アニマルウェルフェア=飼育方法と過程が「快適」かどうか
アニマルウェルフェアとは、「快適性に配慮した家畜の飼い方」。例えば、極寒の飼育下において、ニワトリが寒さをストレスと感じれば、平飼いであってもアニマルウェルフェアとは言い切れません。またその逆もしかり。ニワトリが生きていく上で快適かつ健康に卵を産んでくれる環境を整えてこそ本当のアニマルウェルフェアであるといえます。「消費者の皆さんには、飼育方法だけではなく、その畜産物が実際にどのような飼育下に置かれていたか、その過程にも目を向けてほしい。だからこそ、事業者は情報発信が大切」一柳さんはそう締めくくりました。

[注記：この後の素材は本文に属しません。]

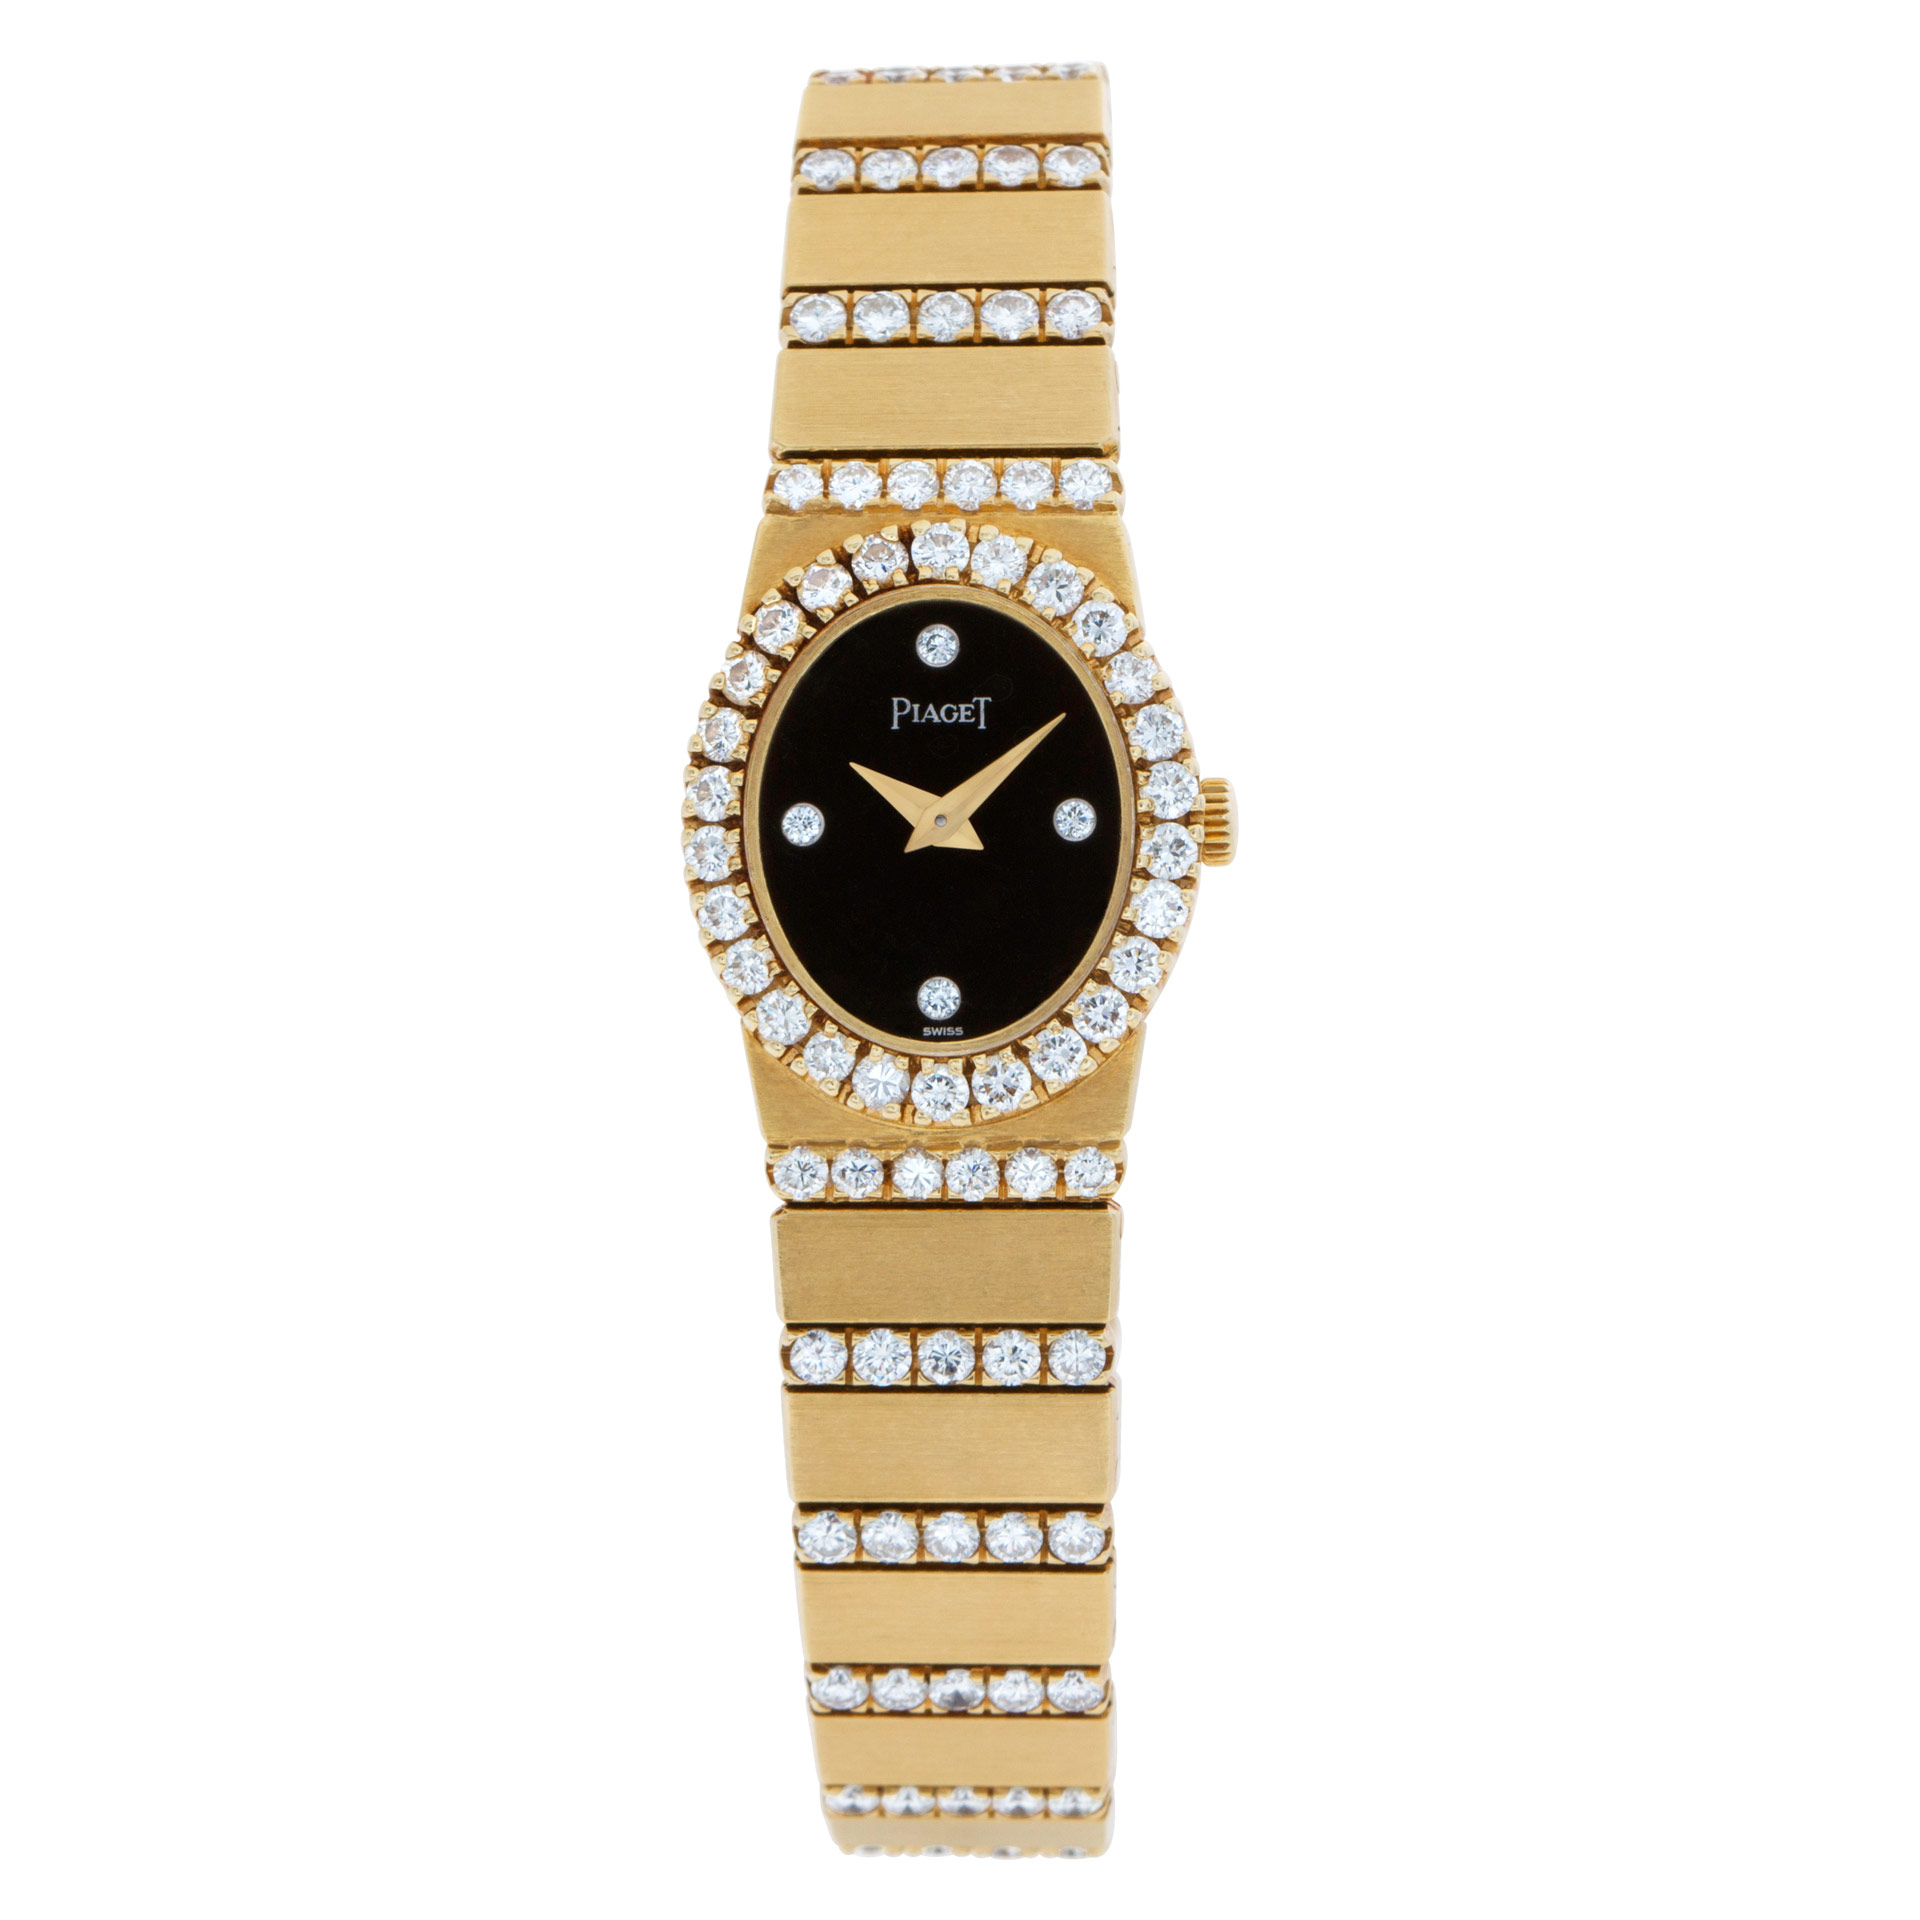 Piaget Polo 19mm 8326 c 606

株式会社ナチュラファームは、「自らつくり、自ら育て、自らお届けする」をモットーに、ニワトリの健康と安全・安心な卵の提供を目指し、持続可能な養鶏に取り組んでいます。長年の経験と技術を活かし、アニマルウェルフェアに配慮した飼育方法を実践。安心してお召し上がりいただける卵を、幼児から高齢者、病気療養中の方まで、幅広い方々に提供しています。卵本来のおいしさを追求し、日本の食卓に貢献していきます。